Remembering Helen Gurley Brown – Gave ‘Single Girl’ a Life in Full (Sex, Sex, Sex)
August 14, 2012
New York Times – Helen Gurley Brown, who as the author of “Sex and the Single Girl” shocked early-1960s America with the news that unmarried women not only had sex but thoroughly enjoyed it — and who as the editor of Cosmopolitan magazine spent the next three decades telling those women precisely how to enjoy it even more — died on Monday in Manhattan. She was 90, though parts of her were considerably younger.
The Hearst Corporation, Cosmopolitan’s publisher, said in a news release that she died at NewYork-Presbyterian/Columbia hospital after a brief stay there. She lived in Manhattan.
As Cosmopolitan’s editor from 1965 until 1997, Ms. Brown was widely credited with being the first to introduce frank discussions of sex into magazines for women. The look of women’s magazines today — a sea of voluptuous models and titillating cover lines — is due in no small part to her influence.
Before she arrived at Cosmopolitan, Ms. Brown had already shaken the collective consciousness with her best-selling book “Sex and the Single Girl.” Published in 1962, the year before Betty Friedan ignited the modern women’s movement with “The Feminine Mystique,” it taught unmarried women how to look their best, have delicious affairs and ultimately bag a man for keeps, all in breathless, aphoristic prose. (Ms. Brown was a former advertising copywriter.)
By turns celebrated and castigated, Ms. Brown was for decades a highly visible, though barely visible, public presence. A tiny, fragile-looking woman who favored big jewelry, fishnet stockings and minidresses till she was well into her 80s, she was a regular guest at society soirees and appeared often on television. At 5 feet 4, she remained a wraithlike hundred pounds throughout her adult life. That weight, she often said, was five pounds above her ideal.

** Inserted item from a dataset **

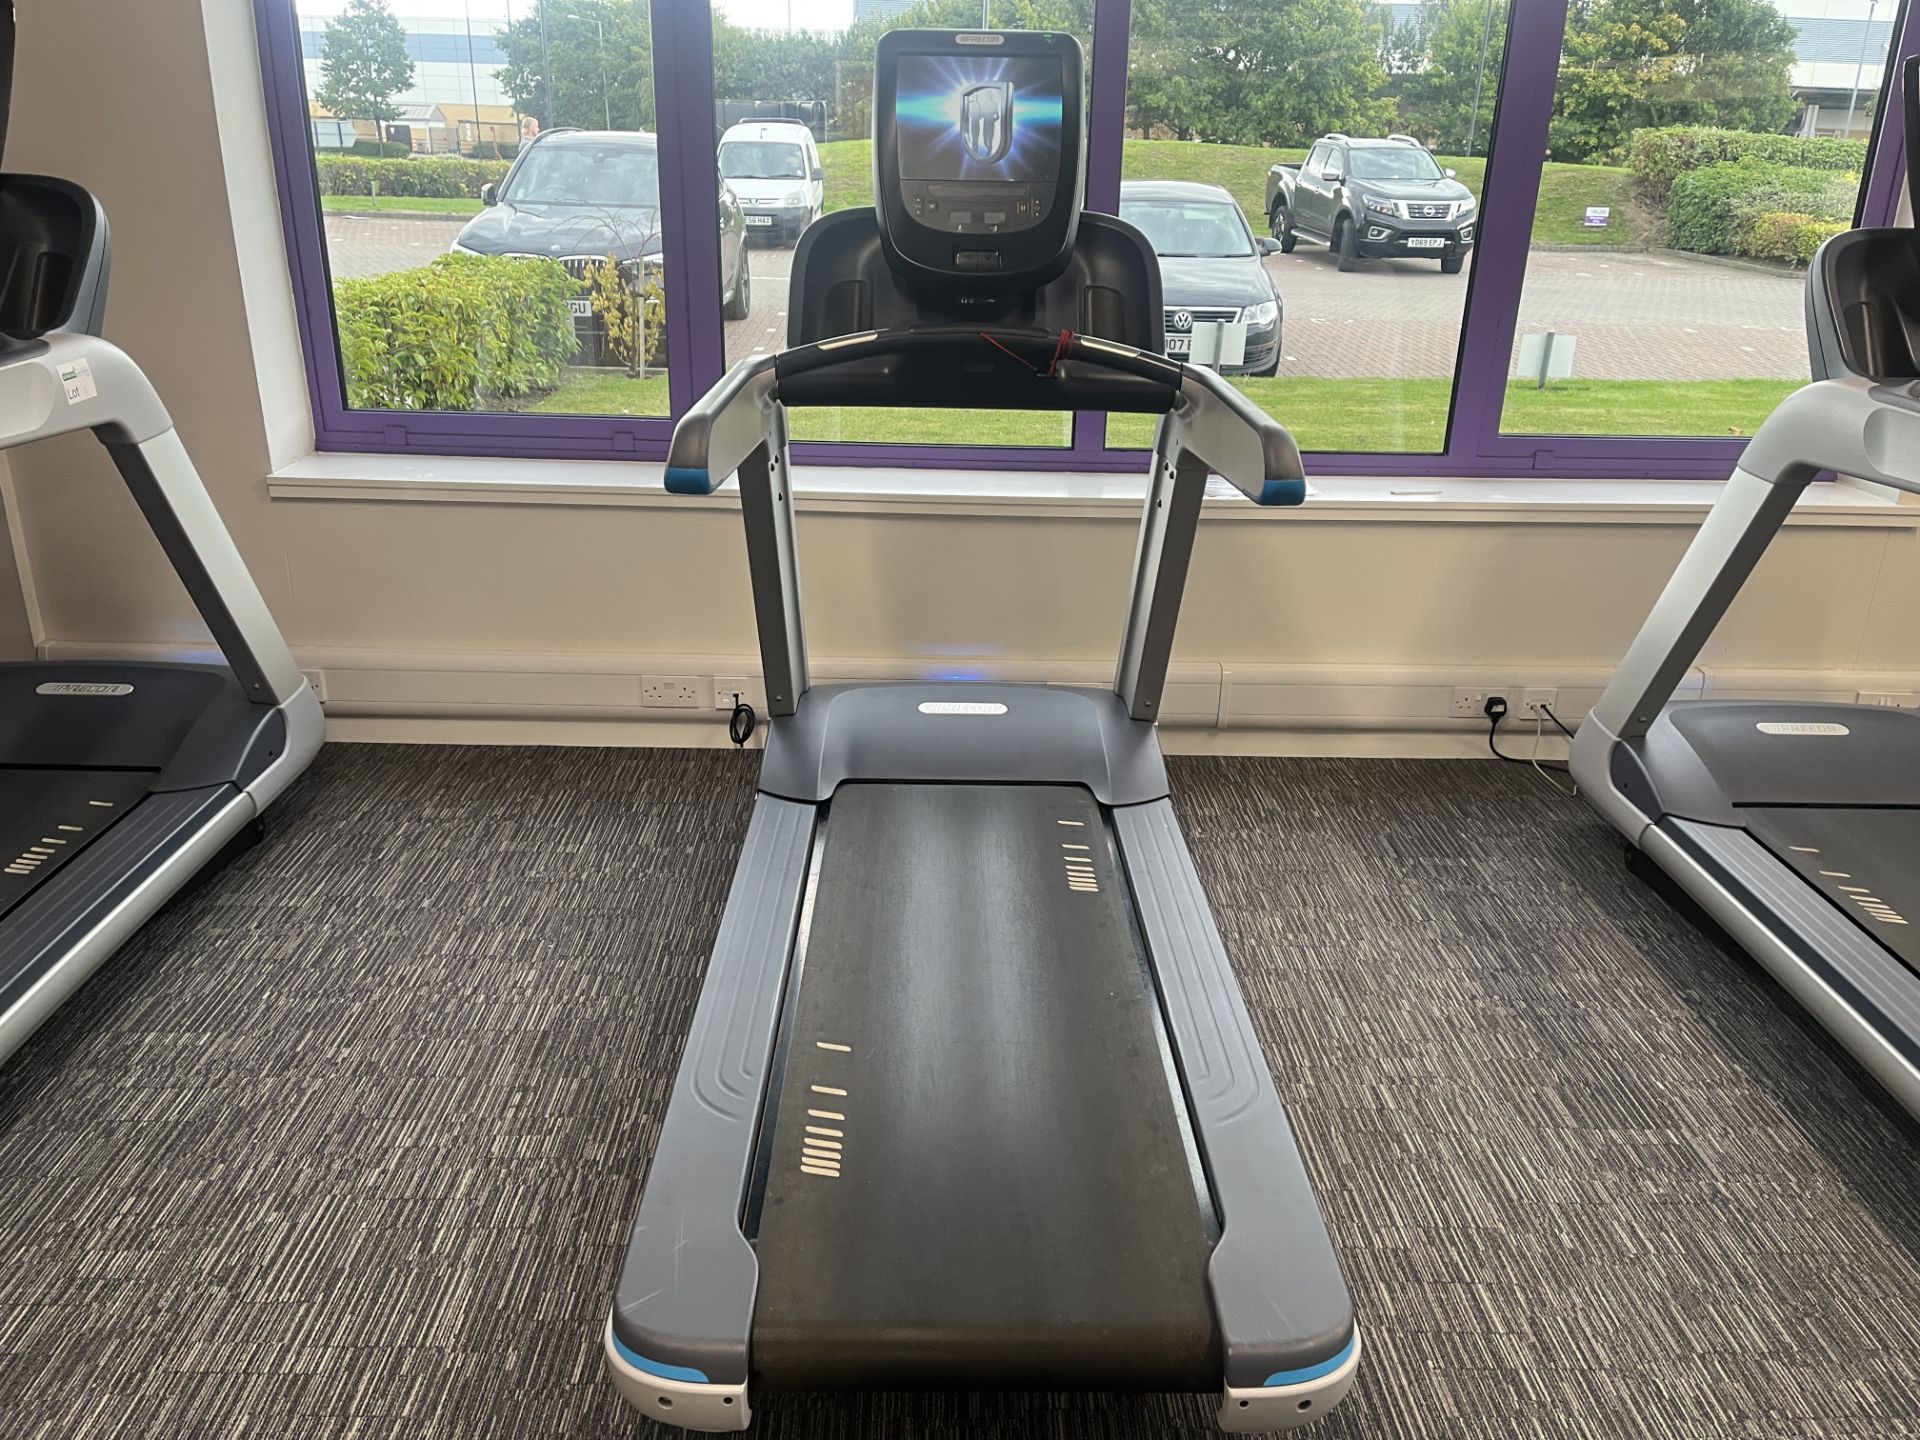 PRECOR TRM885 TREADMILL WITH P82 CONSOLE DISPLAY - Image 2 of 2
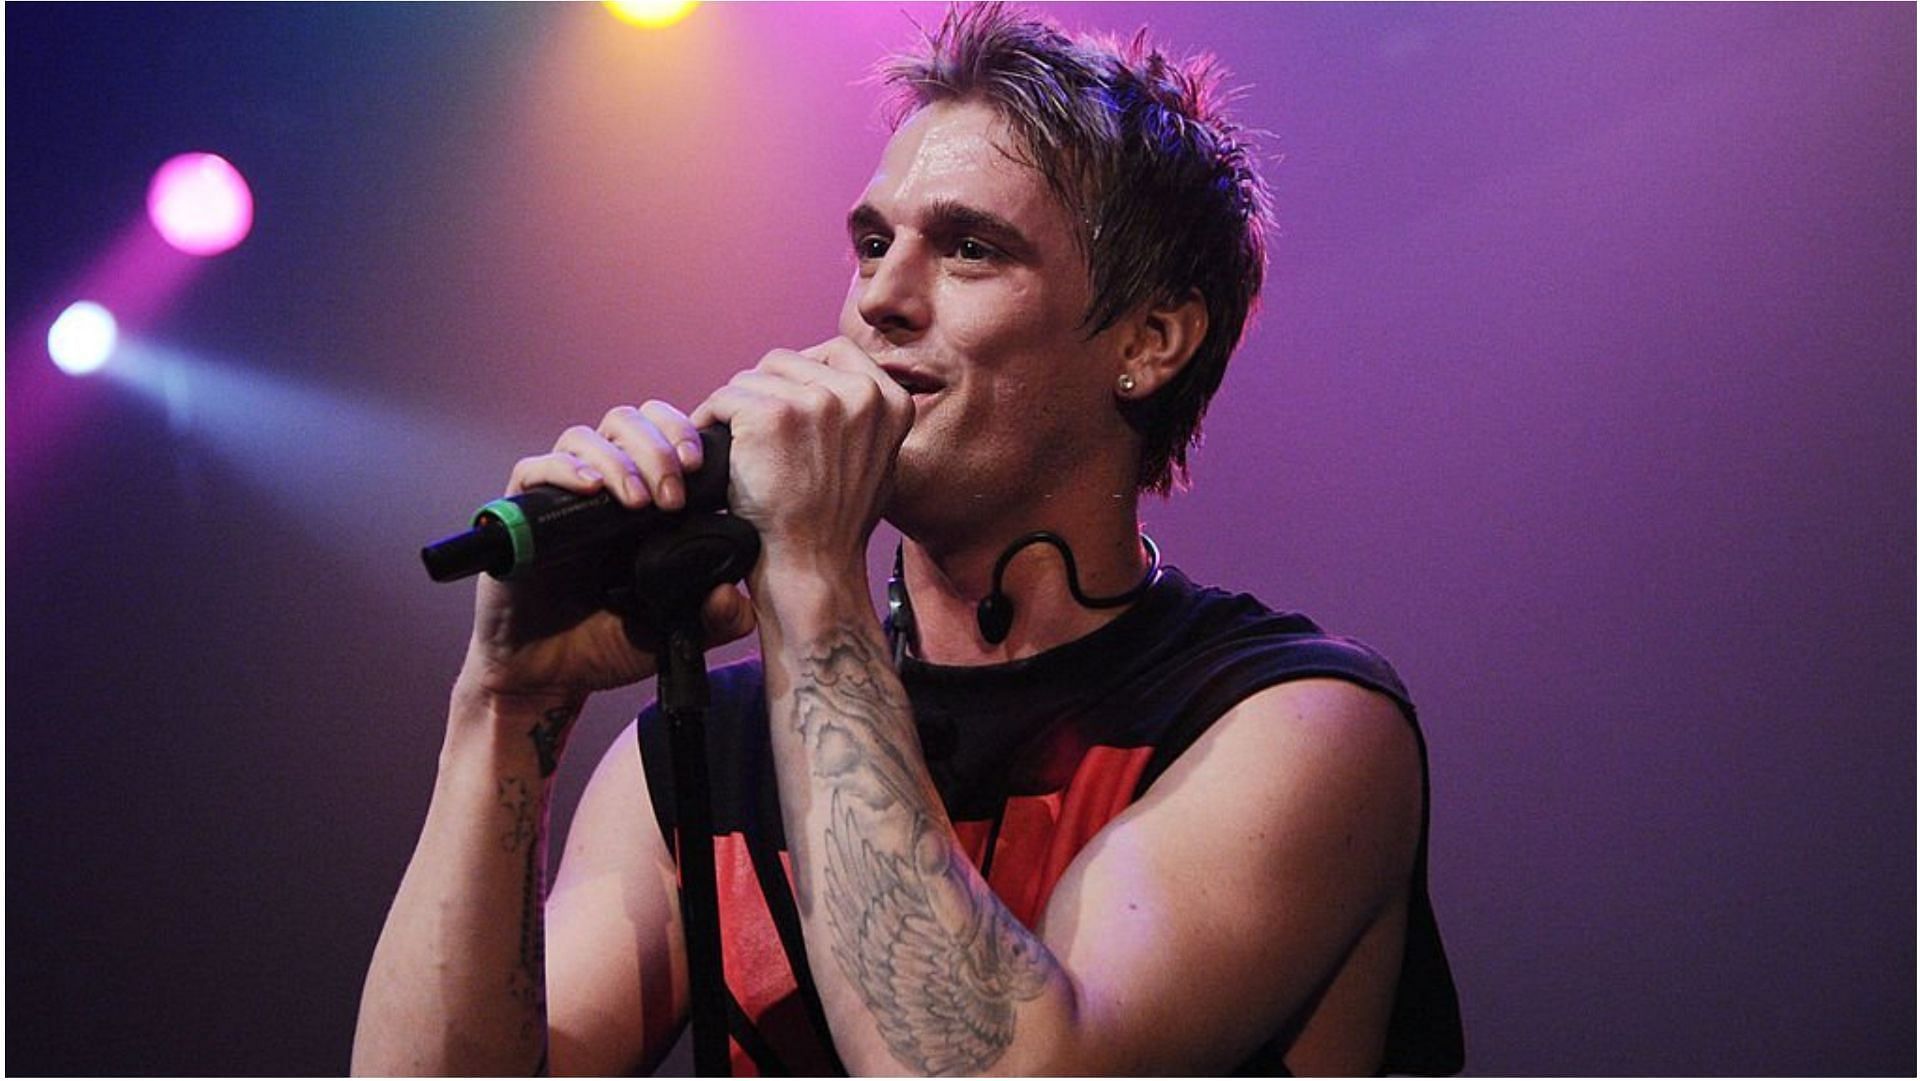 Aaron Carter&#039;s cause of death has not been disclosed yet (Image via Ilya S. Savenok/Getty Images)

Ms. Brown routinely described herself as a feminist, but whether her work helped or hindered the cause of women’s liberation has been publicly debated for decades. It will doubtless be debated long after her death. What is safe to say is that she was a Janus-headed figure in women’s history, simultaneously progressive and retrogressive in her approach to women’s social roles.
Few magazines have been identified so closely with a single editor as Cosmopolitan was with Ms. Brown. Before she took over, Cosmopolitan, like its competitors, was every inch a postwar product. Its target reader was a married suburbanite, preoccupied with maintaining the perfect figure, raising the perfect child and making the perfect Jell-O salad.